Tra i quesiti posti dai giudici d’Appello al CTU non c’è, dunque, il tentativo di conciliazione; i giudici dicono al CTU, sostanzialmente, di muoversi così come, in qualche modo, indica la Corte di Cassazione nella sentenza del 2017, Cassazione adita dall’amministrazione Romagno1 contro la sentenza della Corte d’Appello di Bari del 2012 che condanna il comune di Rutigliano a pagare a quei proprietari circa 400mila euro.
A questo punto la causa riassunta in Appello si mette bene per il comune di Rutigliano, come si evince da una comunicazione che l’avvocato del comune manda via mail al protocollo comunale e al responsabile dell’ufficio legale il 31 dicembre 2019.

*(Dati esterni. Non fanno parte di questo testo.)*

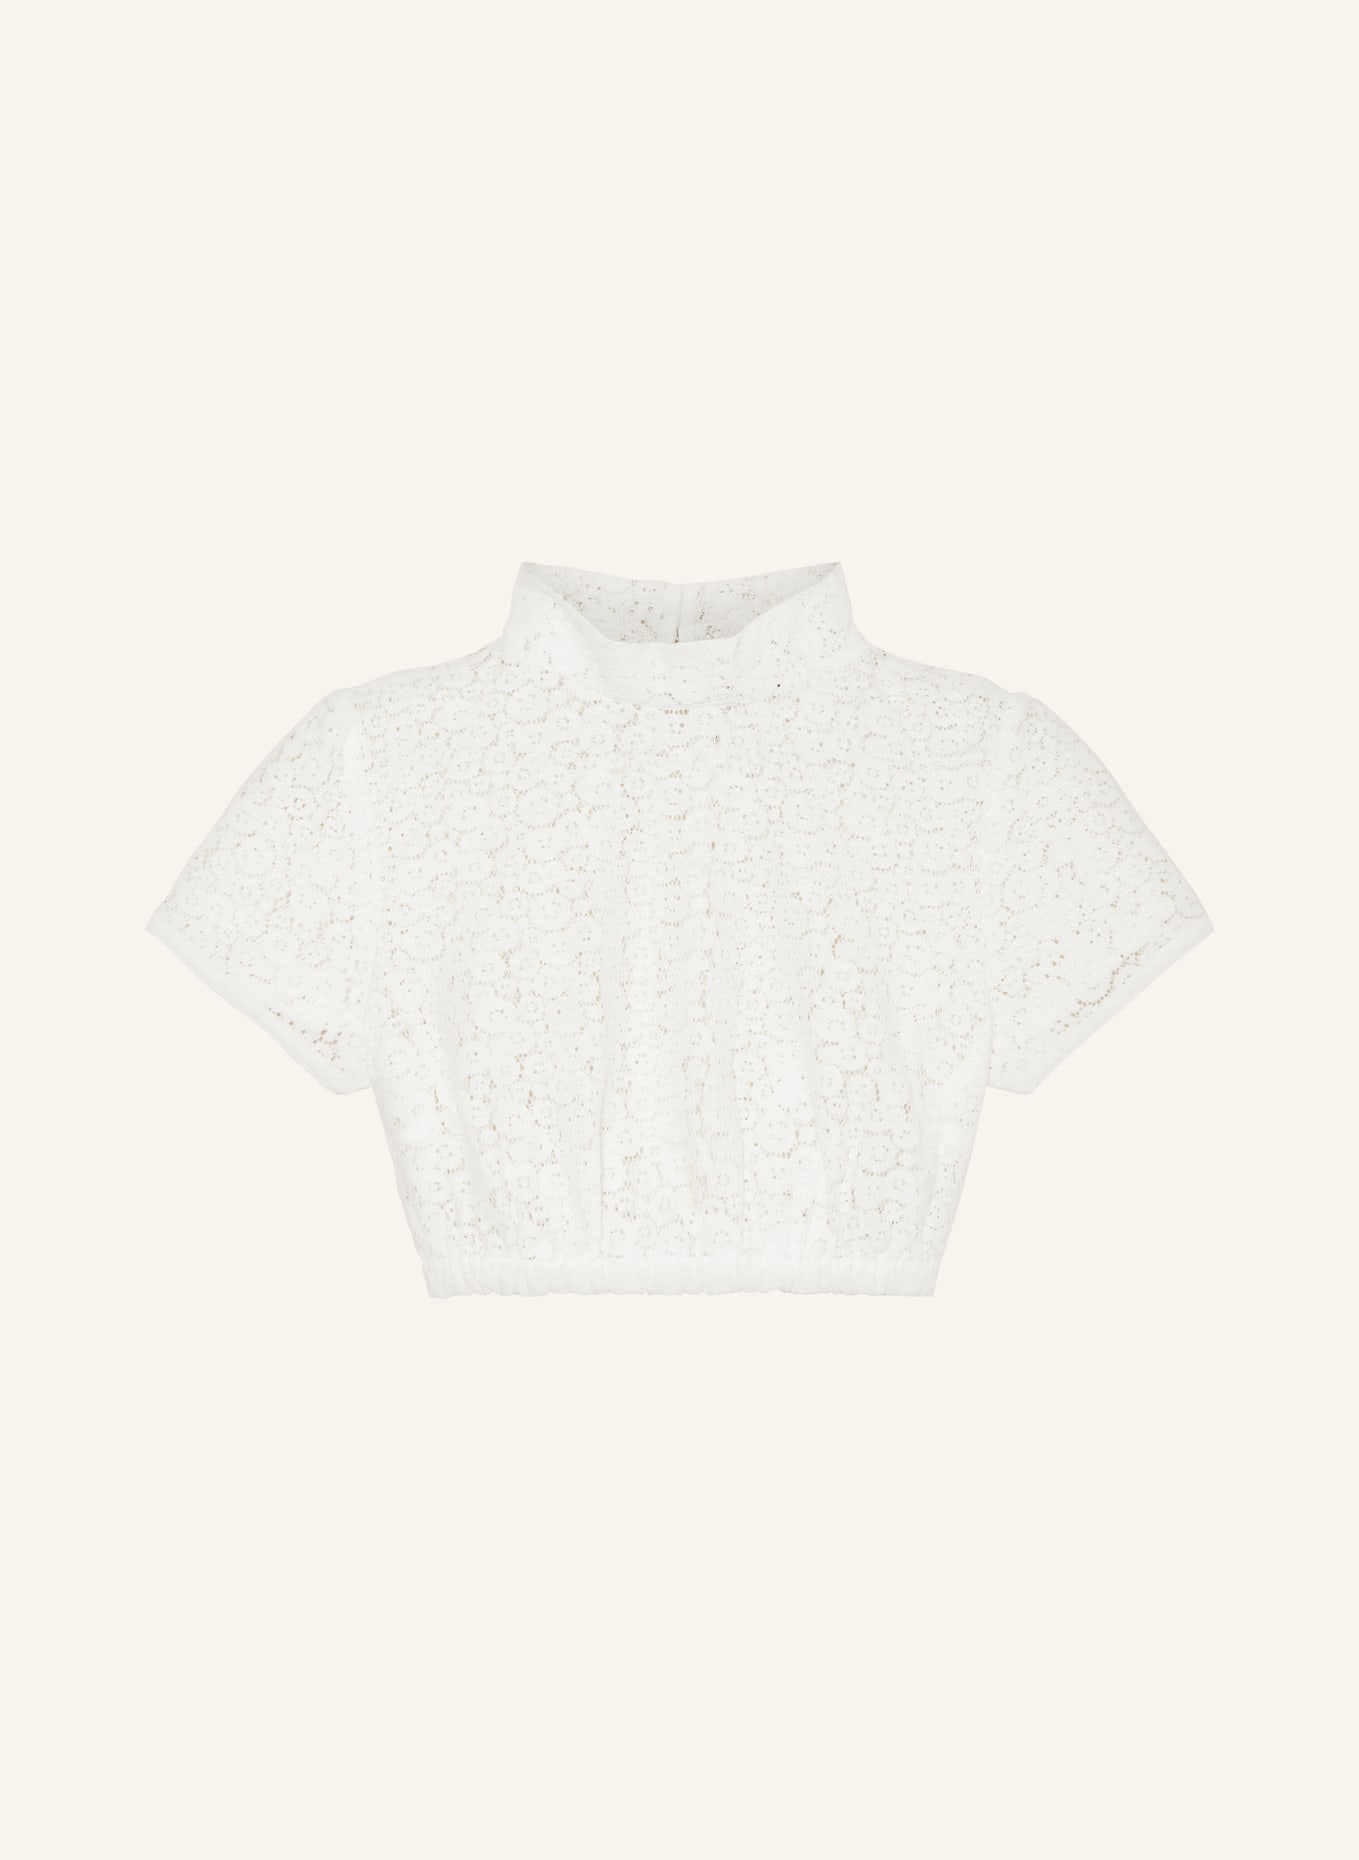 ALISSA BY KINGA MATHE Dirndl blouse INGA made of lace, Color: WHITE (Image 1)

Nella mail l’avvocato fa una breve sintesi dell’andamento del processo, ricorda che lui -nella difesa- ha insistito perché ci fosse un nuovo approfondimento peritale sulla “effettiva edificabilità dei terreni in realtà destinati a standard” e scrive che “con il provvedimento allegato la Corte barese ha aderito a questa impostazione, nominando un nuovo CTU”. Dunque, con l’ordinanza prima citata, la Corte barese aderisce all’impostazione della difesa, cioè del comune, fino al punto che lo stesso avvocato conclude quella mail dicendo di essere a disposizione per qualsiasi chiarimento “sullo stato del processo che, mi permetto di dire, ha imboccato una china decisamente promettente per le ragioni del Comune”.
Se alla fine del 2019 le cose vanno bene per il comune, come mai si arriva ad un accordo, alla ricomposizione della lite in una transazione? Chi propone o chiede la transazione?